The answer is the full listing restated exactly, without any pictures.
[[ The data, beginning ]]
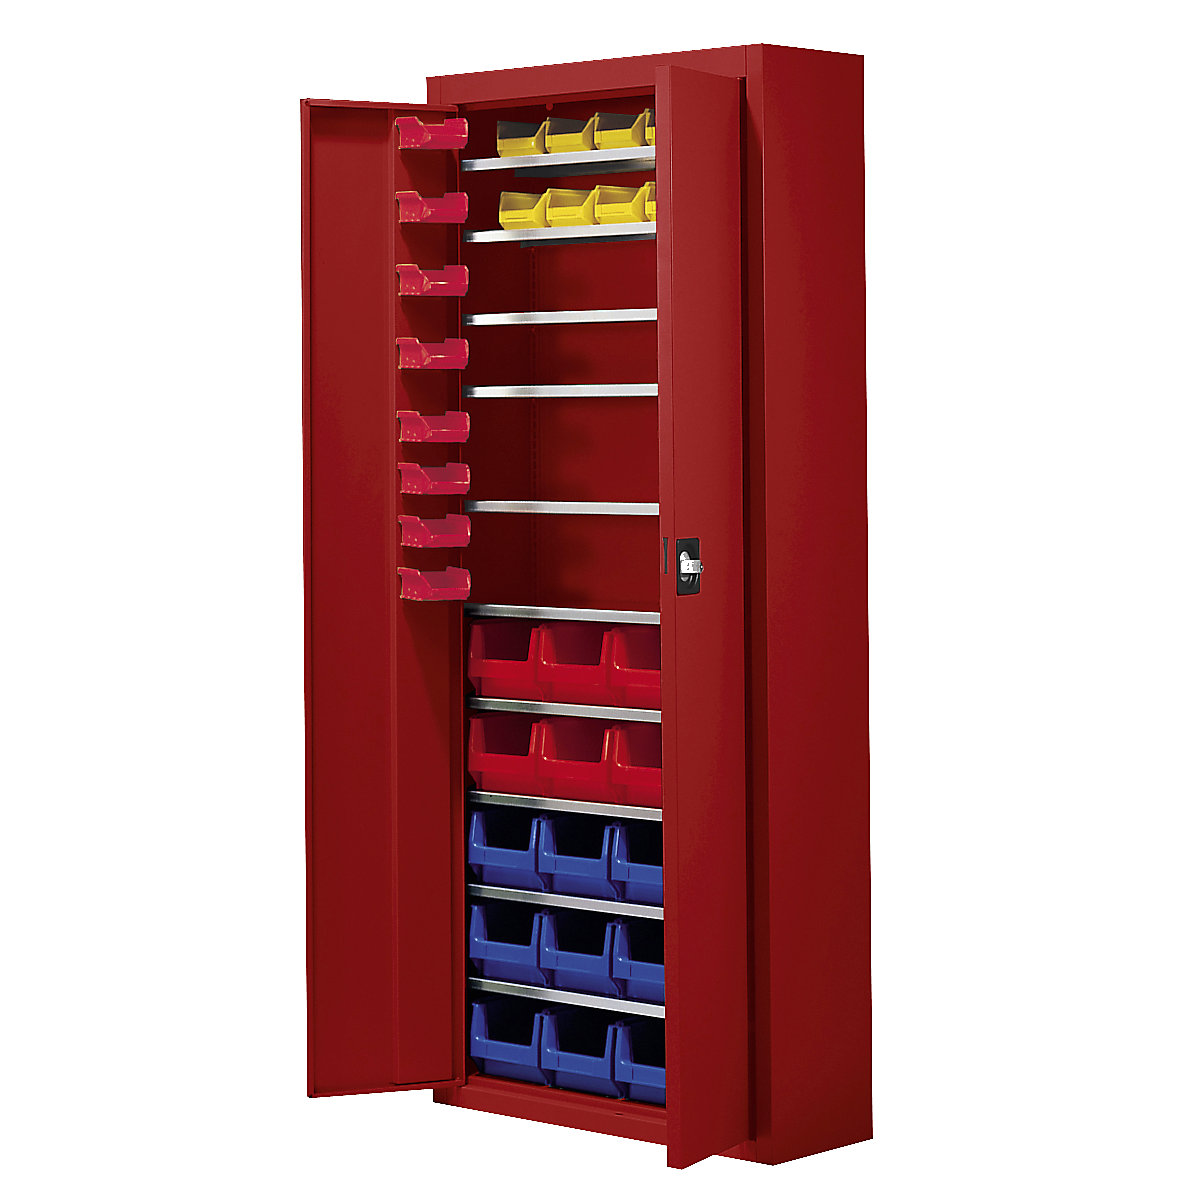 Skladišni ormar s otvorenim skladišnim kutijama – mauser, VxŠxD 1740 x 680 x 280 mm, 48 kutija, u jednoj boji, u vatreno crvenoj boji, od 3 kom.-6
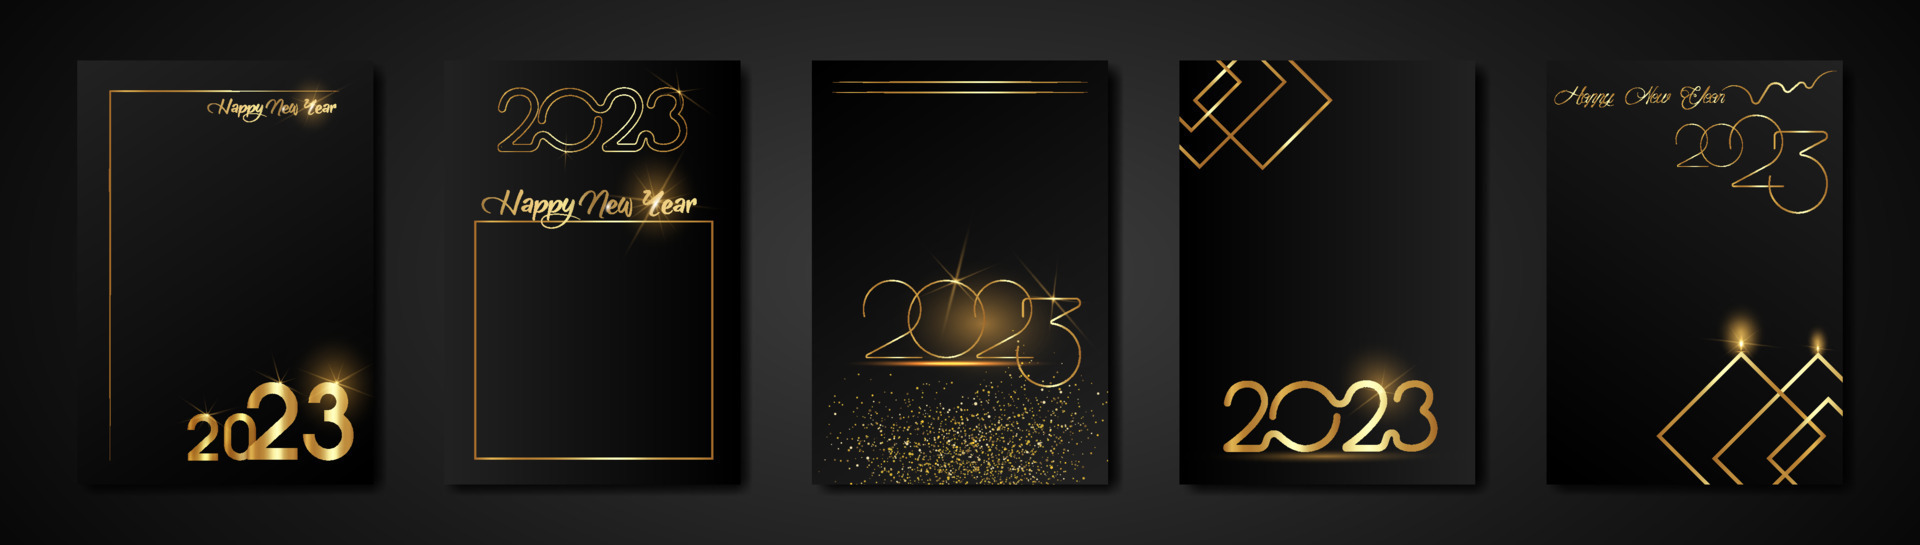 definir cartões 2023 feliz ano novo textura de ouro, fundo moderno preto  luxo dourado, elementos para calendário e cartão de saudações ou convites  de férias de inverno com tema de natal com
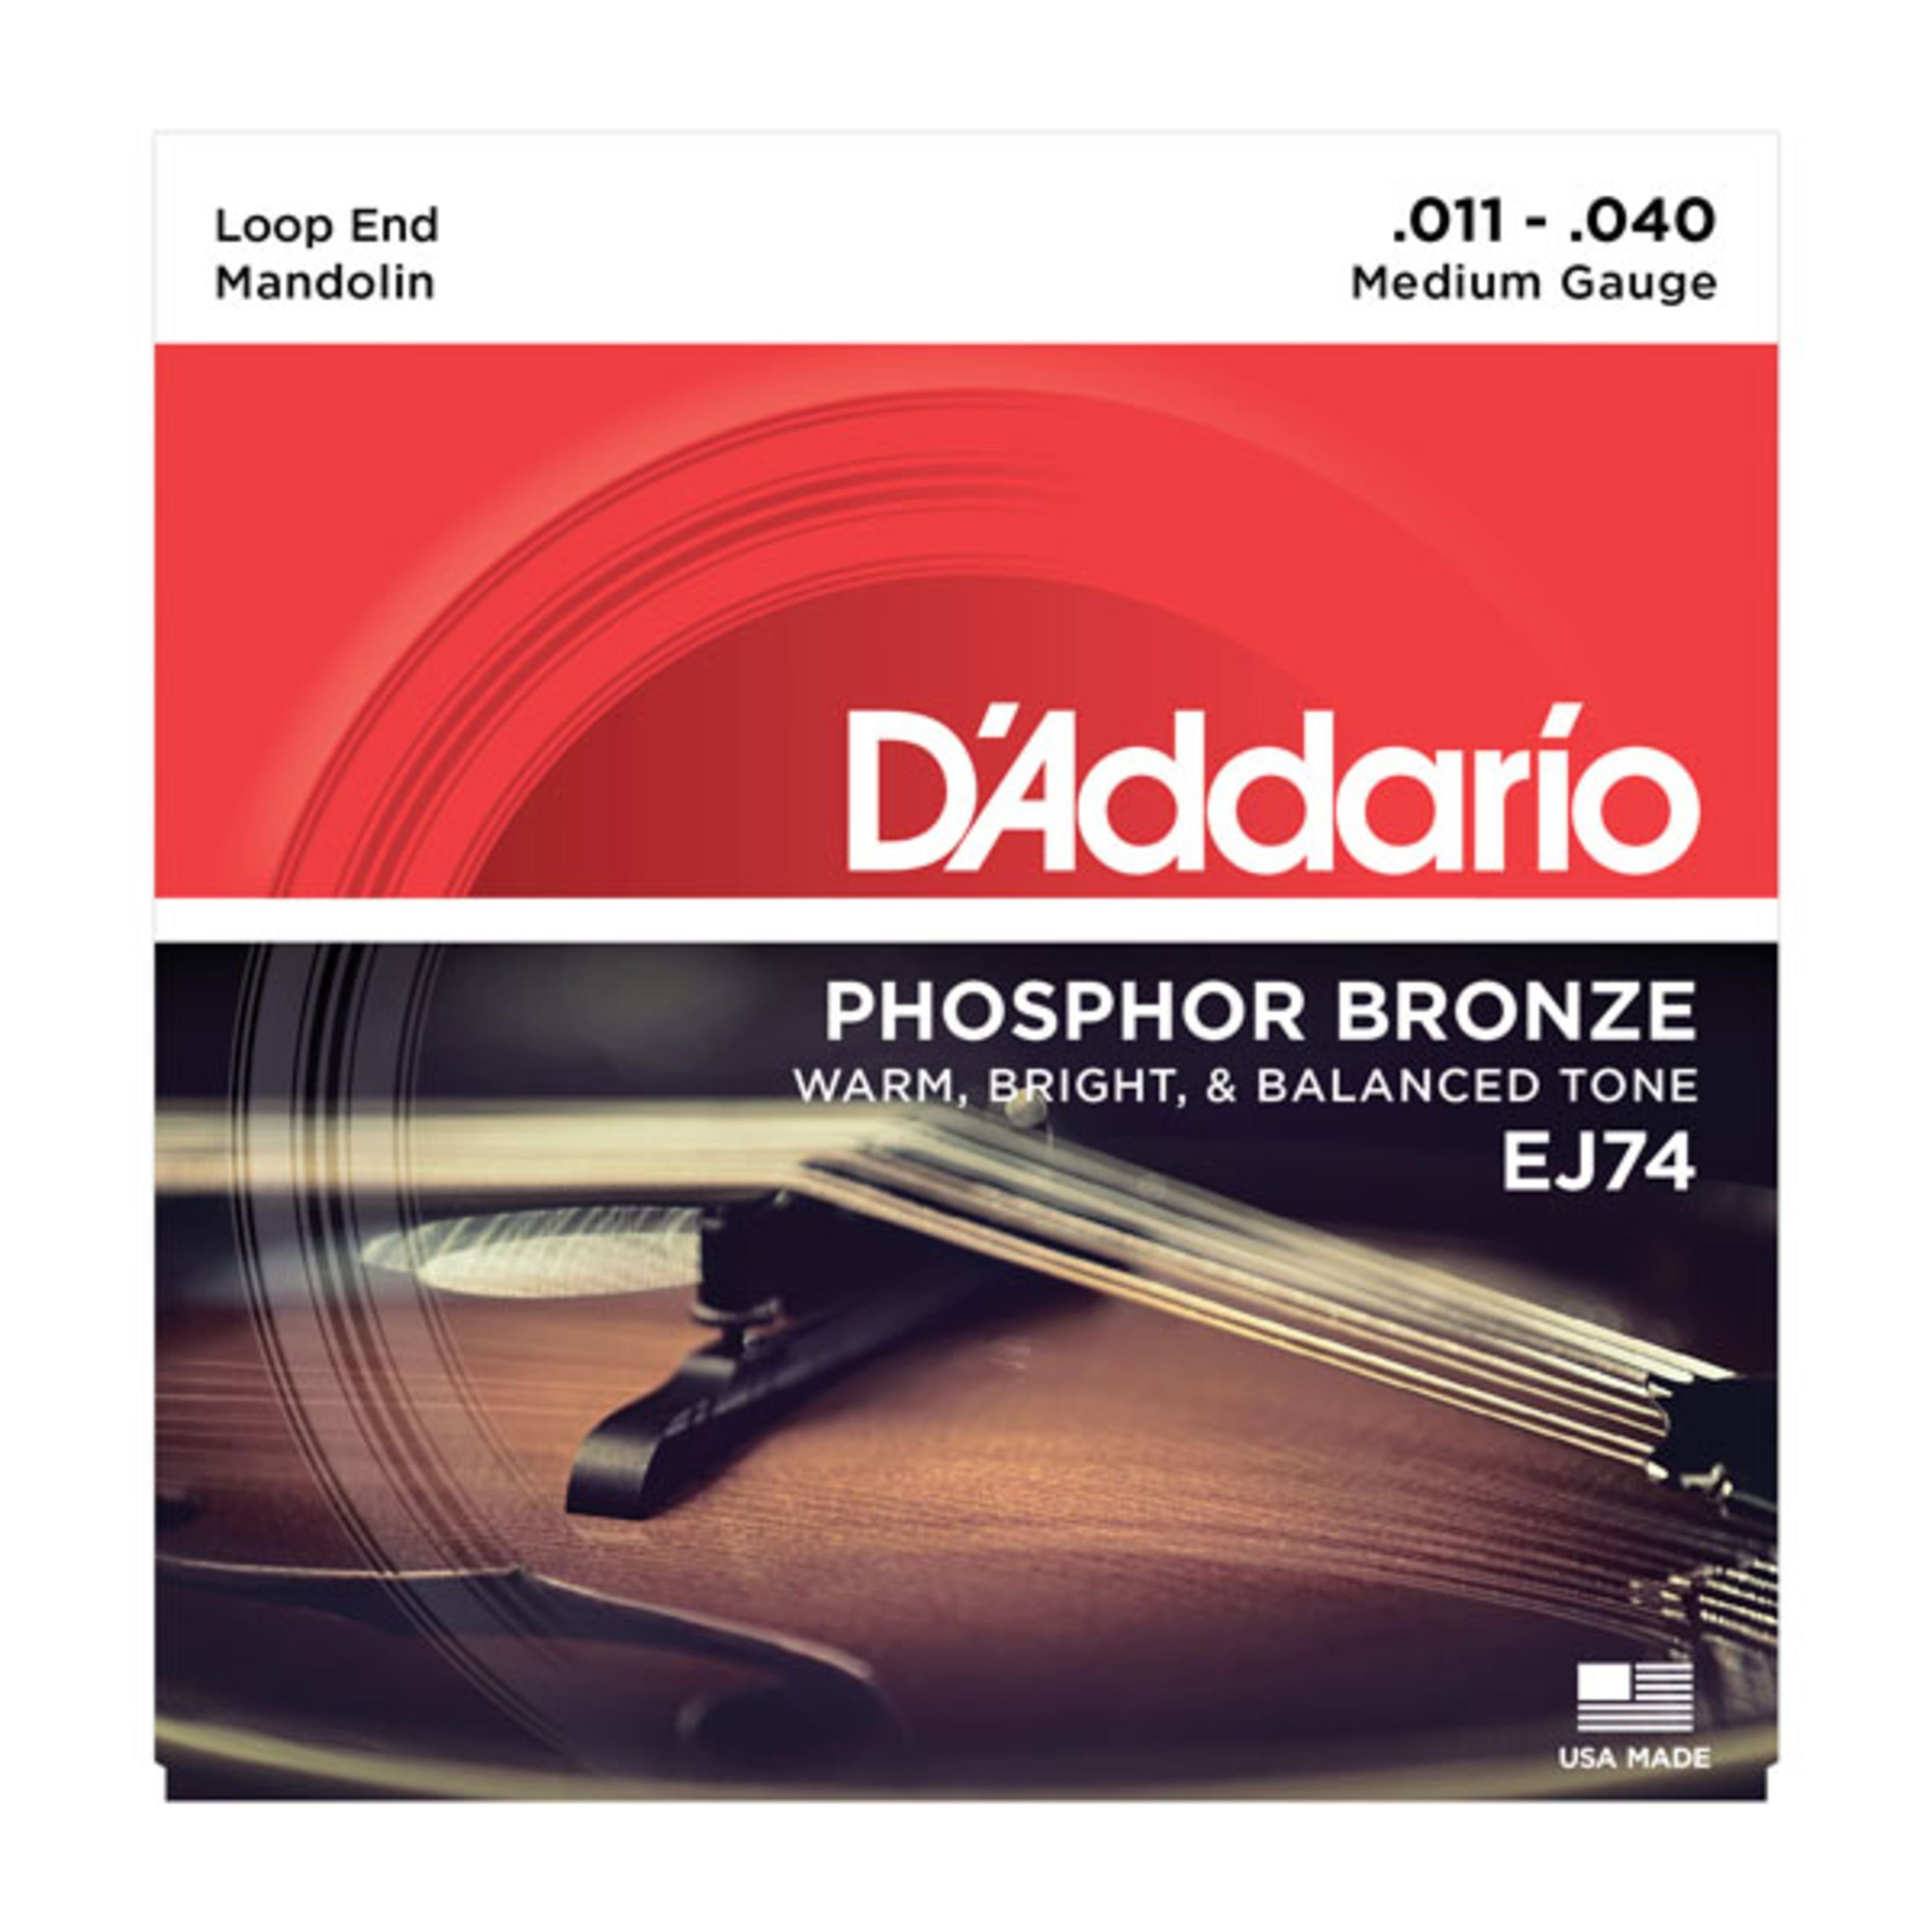 Daddario Spielzeug-Musikinstrument, EJ74 11-40 Mandolinen Saiten Phosphor Bronze Loop End - Saiten
[[ The data, end ]]
- **Answer for this exercise**
 Skladišni ormar s otvorenim skladišnim kutijama – mauser, VxŠxD 1740 x 680 x 280 mm, 48 kutija, u jednoj boji, u vatreno crvenoj boji, od 3 kom.-6
 definir cartões 2023 feliz ano novo textura de ouro, fundo moderno preto  luxo dourado, elementos para calendário e cartão de saudações ou convites  de férias de inverno com tema de natal com
 Daddario Spielzeug-Musikinstrument, EJ74 11-40 Mandolinen Saiten Phosphor Bronze Loop End - Saiten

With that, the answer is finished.